Source data
***

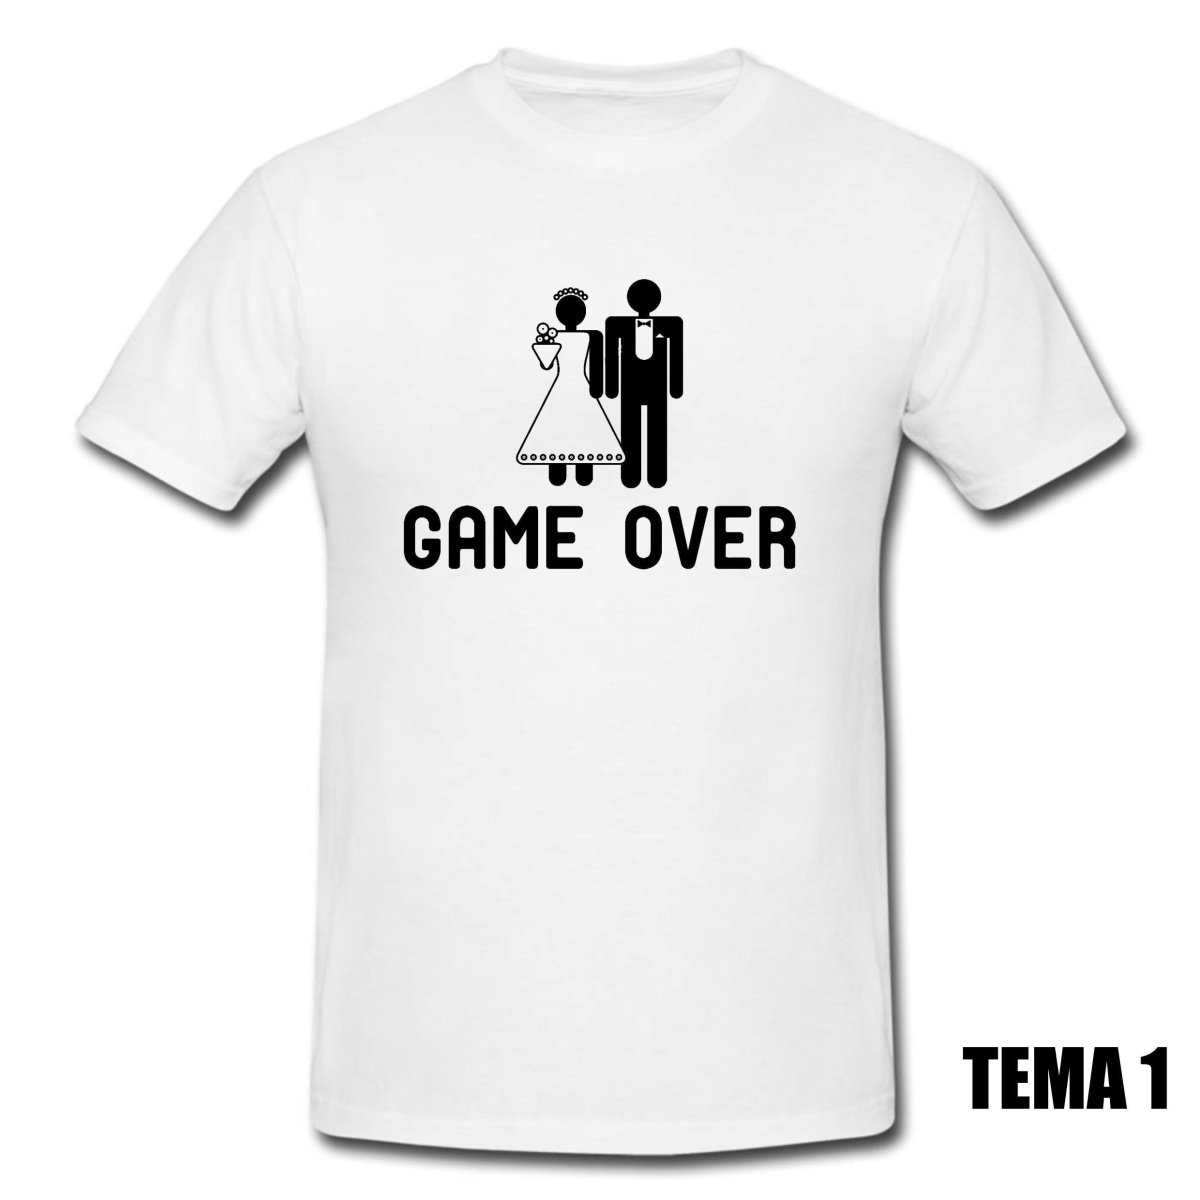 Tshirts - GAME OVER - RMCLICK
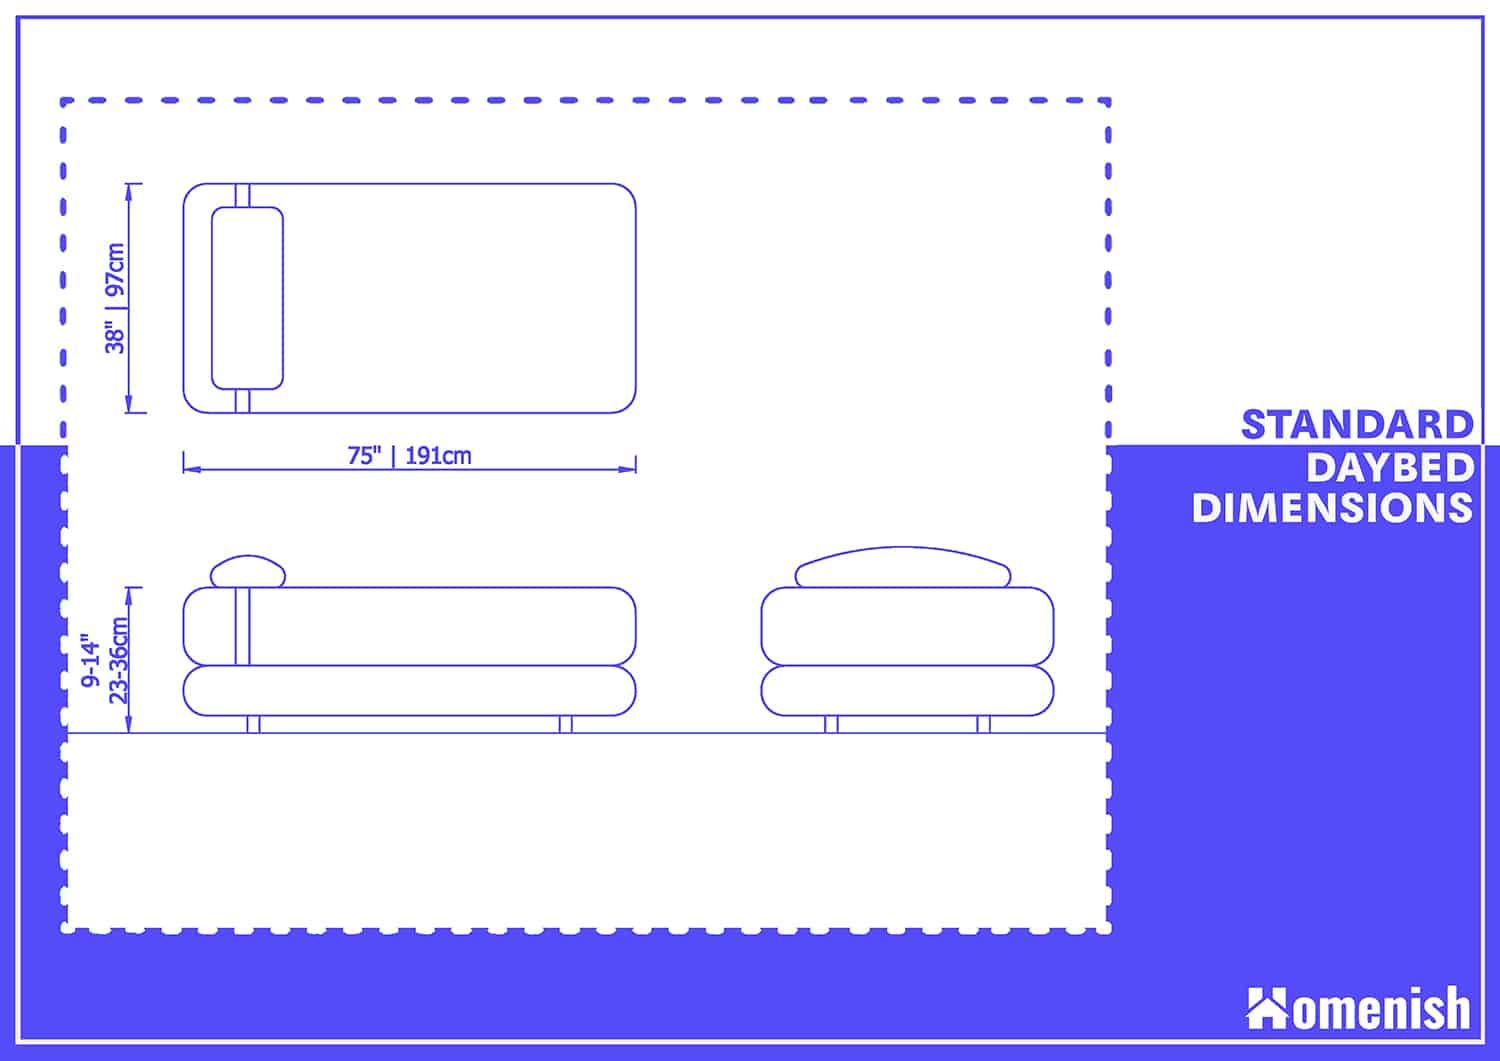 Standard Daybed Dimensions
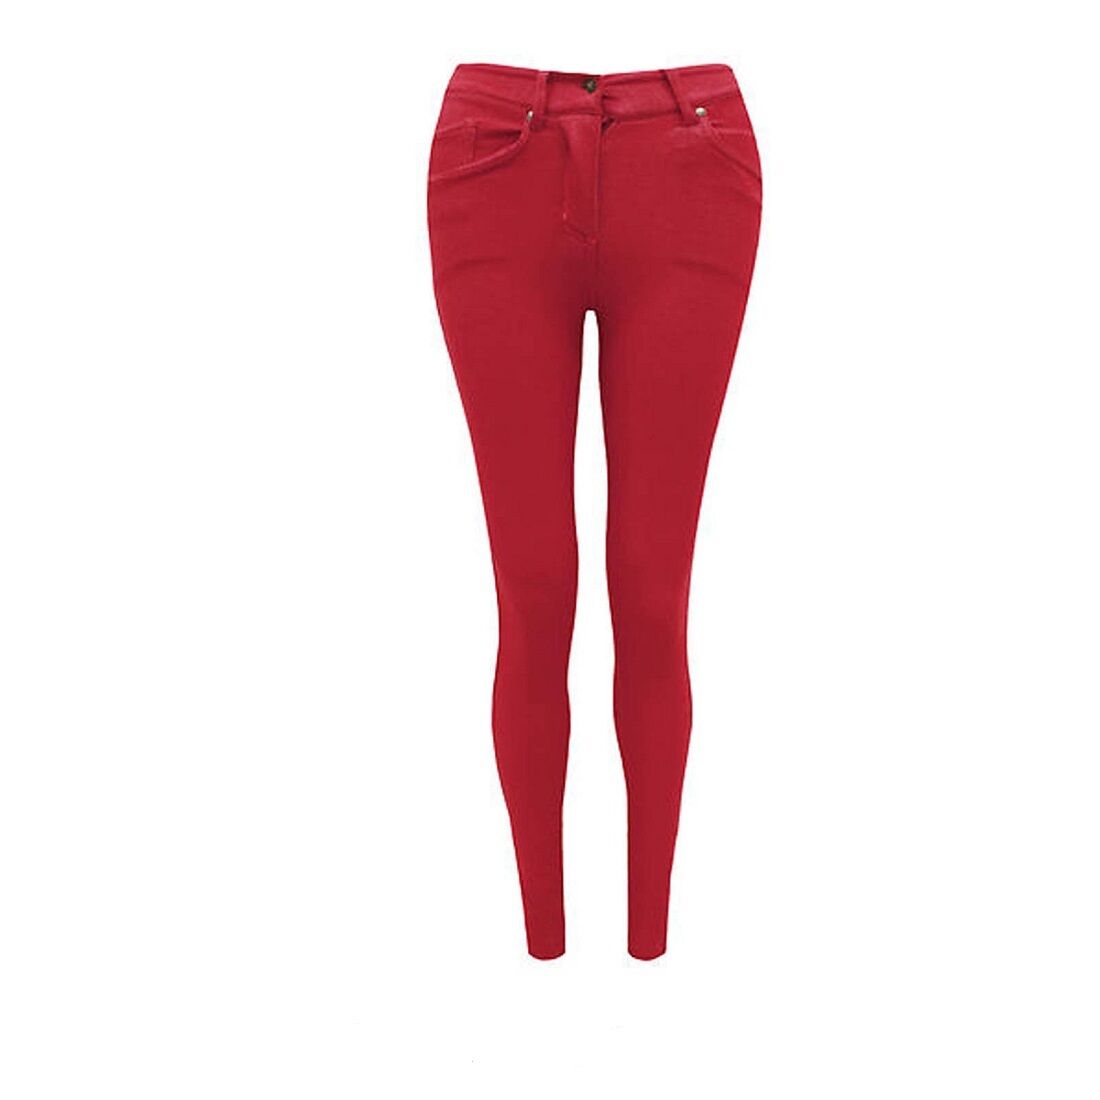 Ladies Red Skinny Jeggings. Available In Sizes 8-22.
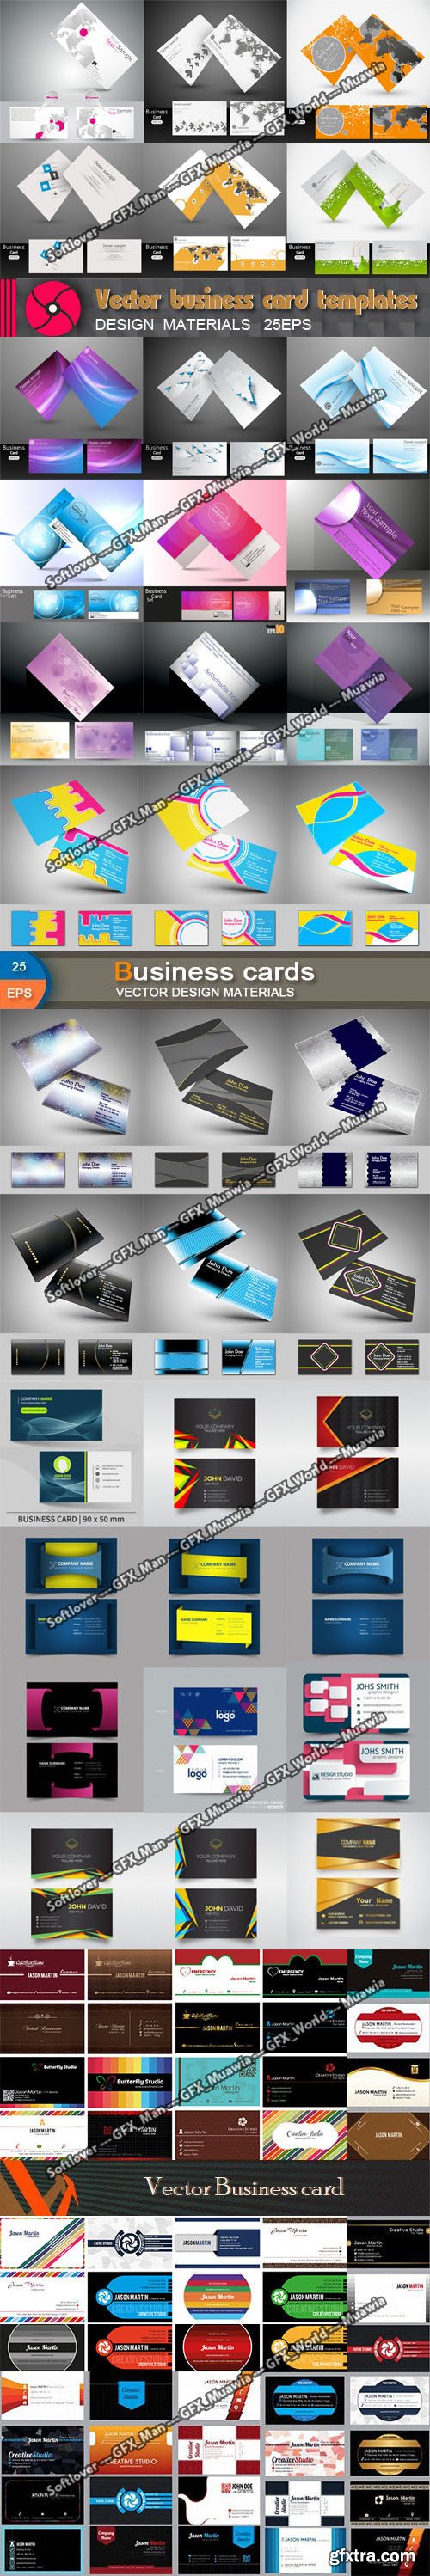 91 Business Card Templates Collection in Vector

***

Take the listing above and restate it word for word, without its pictures.

 Tshirts - GAME OVER - RMCLICK
 Standard Daybed Dimensions
 Ladies Red Skinny Jeggings. Available In Sizes 8-22.
 91 Business Card Templates Collection in Vector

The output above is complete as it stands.